Скрипел он обычно до тех пор, пока не обойдет все дома и не испробует хмельного у каждого гостеприимного хозяина. После засыпал где-нибудь около бани или гумна — там, где сон доймет.
Выпить Егорша был мастак, как и сапожничать. В смысле починки ботинок и сапог с ним не мог сравниться даже мастер с городу, как говаривали в деревне. Приносили деду такую рвань, что и смотреть страшно. Возьмет Егорша обутку, оглядит внимательно и скажет: «Да, глазам-то пужливо, а руки сделают». И делал. Да так, что ботинки-развалюхи еще долго шлепали по деревенским улицам.
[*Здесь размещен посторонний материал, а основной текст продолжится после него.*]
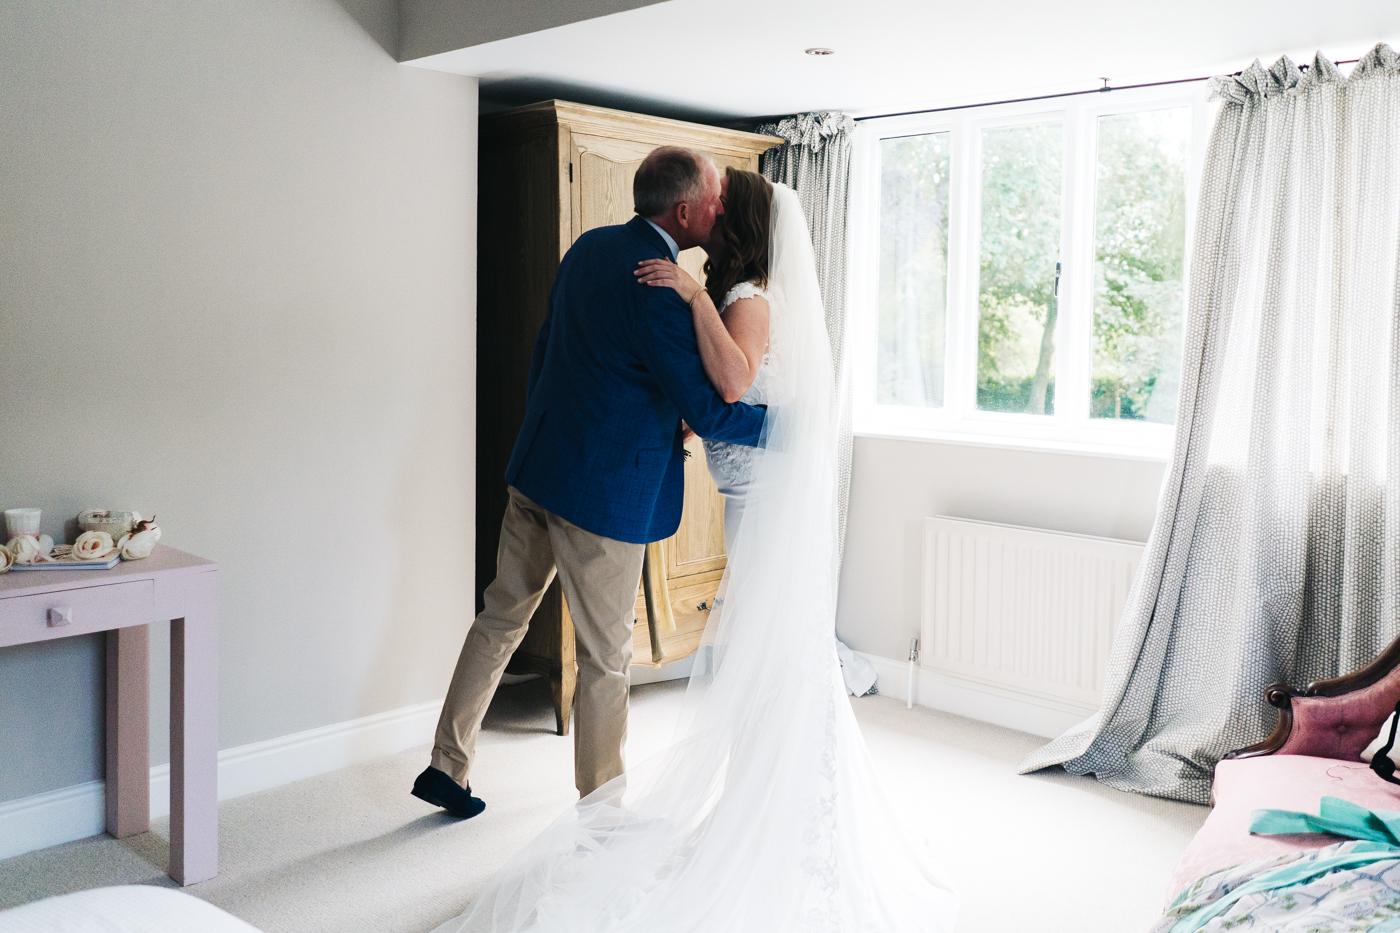 wedding-at-the-pheasant-harome-helmsley-north-yorkshire-wedding-photographer-0008.jpg

Однажды после праздника повстречал я Егоршу и спросил:
— Дедо, а где у тебя вторая нога?
Кисло улыбнувшись, Егорша сел на сосновую чурку и дрожащими пальцами стал выскребать табак-самосад из плоской ярко-красной баночки. Скрутив цигарку и жадно затянувшись, выпустил густую струю дыма.
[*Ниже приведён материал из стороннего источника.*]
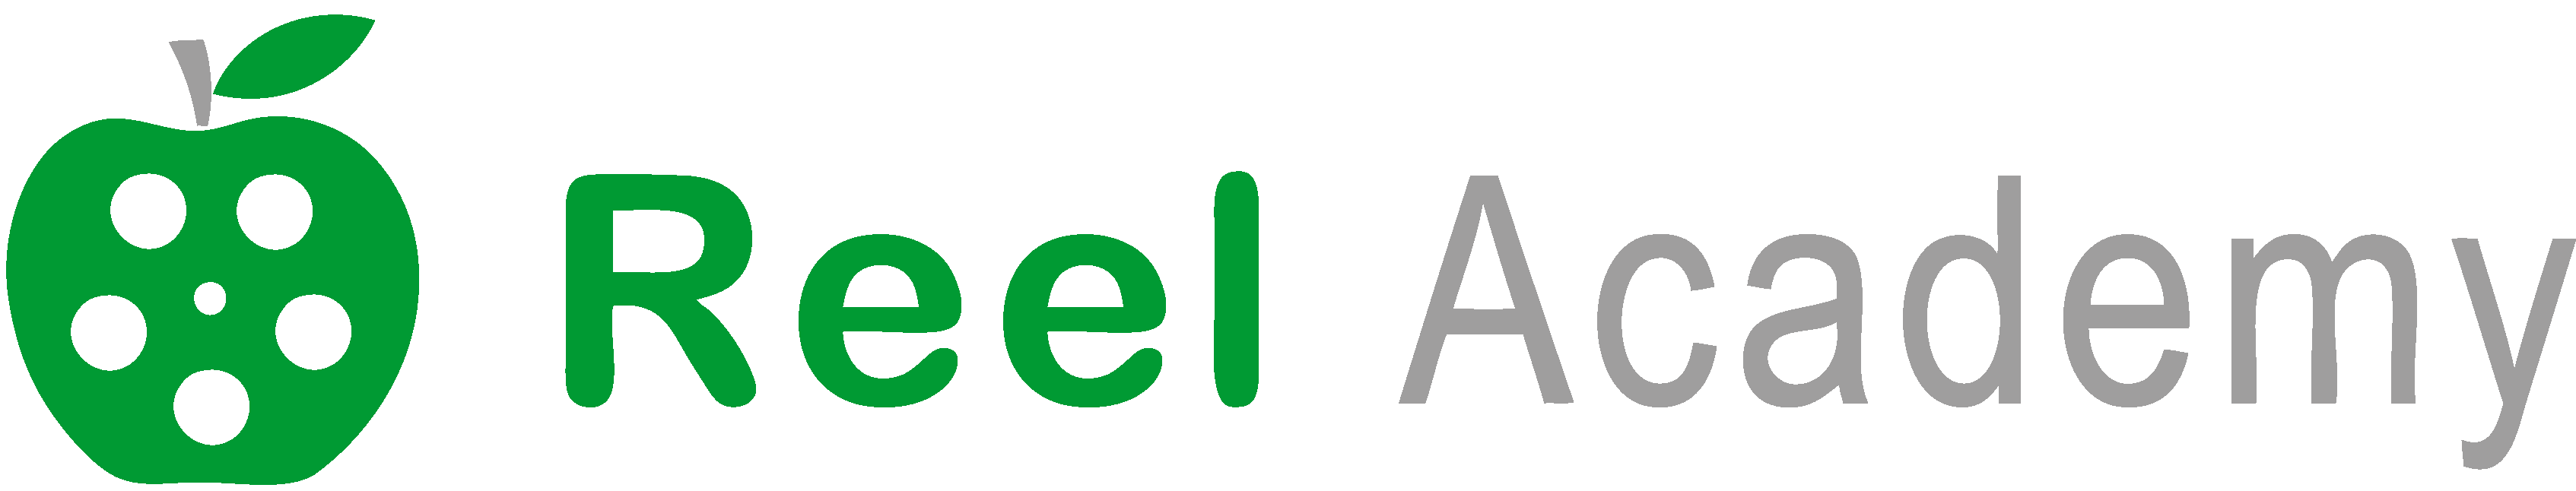 Reel Academy - SmarterU LMS - Learning Management System

— Хоть ты, паря, кажется, с мозгой, но больно уж мал. Боюсь, что меня не так поймешь. Вот подрастешь, тогда я перед тобой — как на духу….
Сказав это, дед протянул мне свою мозолистую руку. Я чуть не задохнулся от счастья. А глазами зыркал по сторонам, не идет ли кто по деревне. Очень хотелось, чтоб видели ребята, как привечает меня Егорша. А дед, опустив голову, молчал, с шумом втягивая дымок цигарки.
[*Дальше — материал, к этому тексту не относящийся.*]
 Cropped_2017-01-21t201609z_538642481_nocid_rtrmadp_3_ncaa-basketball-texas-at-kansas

…День был теплый. Разложив сапожный инструмент во дворе, Егорша работал до сумерек.
— Что бы это значило? Сегодня Егор Иванович целый день обутку клепал, а деньги за работу брать наотрез отказался, — удивилась соседка Авдотья.
— Моим ребятам тоже кое-что починил, а рубль так и не взял. Не надо, говорит, купи-ко лучше детишкам конфет, пусть полакомятся. А то вон кино из району привезли… — поддержала ее многодетная вдова Маланья.
Егоршу и в самом деле словно подменили. Перестал и в праздники по деревне бродяжить. И домой возвращался трезвым. Даже жена его, бабка Степа, заметив резкую перемену в поведении мужа, переполошилась.
— Уж не заболел ли ты, Егорушка? Коли занемог, давай Феклу позову, она от всех присух травками вылечивает. А то фершала с сельсовету. Вы ж с ним друзья. Хороший, умный дохтур-то, — убеждала она Егоршу.
Но тот только махал рукой: мол, не приставай с пустяками.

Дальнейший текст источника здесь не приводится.